ArgoCD App of Apps Pattern

apiVersion: argoproj.io/v1alpha1
kind: Application
metadata:
  name: ai-platform-apps
  namespace: argocd
spec:
  project: default
  source:
    repoURL: https://git.example.com/ai-platform/argocd-apps.git
    targetRevision: main
    path: apps
  destination:
    server: https://kubernetes.default.svc
    namespace: argocd
---
apiVersion: argoproj.io/v1alpha1
kind: AppProject
metadata:
  name: ai-platform
  namespace: argocd
spec:
  description: AI Inference Platform Project
  sourceRepos:
    - https://git.example.com/ai-platform/*
  destinations:
    - namespace: ai-inference-*
      server: https://kubernetes.default.svc
    - namespace: ai-rag-*
      server: https://kubernetes.default.svc
    - namespace: ai-app-*
      server: https://kubernetes.default.svc
  clusterResourceWhitelist:
    - group: ""
      kind: Namespace
  namespaceResourceBlacklist:
    - group: ""
      kind: ResourceQuota

Summary: Cloud-Native AI Deployment Checklist

Phase	Checklist Item	Status
Model Serving	vLLM/Triton selection finalized	☐
Model Serving	Quantization strategy (INT4/AWQ) decided	☐
Docker	Multi-stage Dockerfile written	☐
Docker	Docker Compose local validation	☐
K8s GPU	GPU Operator installed	☐
K8s GPU	MIG/Time Slicing configured	☐
Inference	vLLM Deployment deployed	☐
Inference	HPA autoscaling configured	☐
RAG Service	Milvus cluster deployed	☐
RAG Service	Elasticsearch deployed	☐
Microservices	Spring Boot AI on K8s	☐
Microservices	Ingress routing configured	☐
Observability	Prometheus + Grafana	☐
Observability	OpenTelemetry distributed tracing	☐
Observability	Alert rules configured	☐
Cost Optimization	Model quantization validated	☐
Cost Optimization	Spot instance strategy	☐
GitOps	ArgoCD + Kustomize	☐
GitOps	Multi-environment Overlay config	☐

Cloud-native AI deployment is not the destination, but the starting point.

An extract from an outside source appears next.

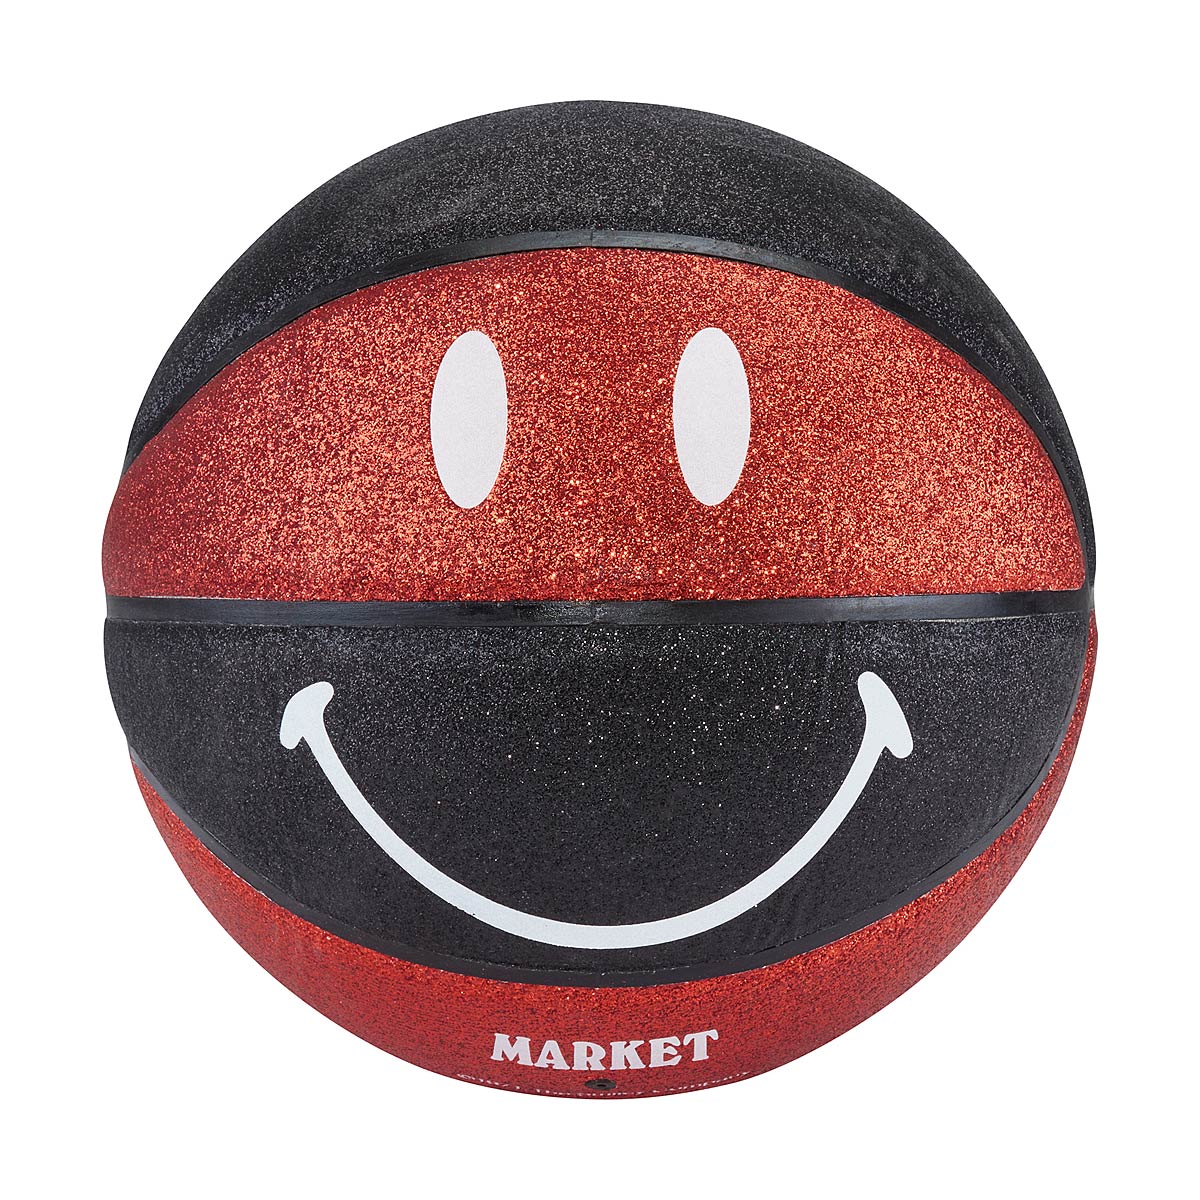 Market Smiley Glitter Windy City Basketball, Multi

From Docker containerization to K8s orchestration, from GPU scheduling to observability — each step is engineering accumulation. Remember: deployment without monitoring is flying blind; operations without automation is manual labor. Automate everything with GitOps, and make AI inference services true first-class citizens of cloud-native.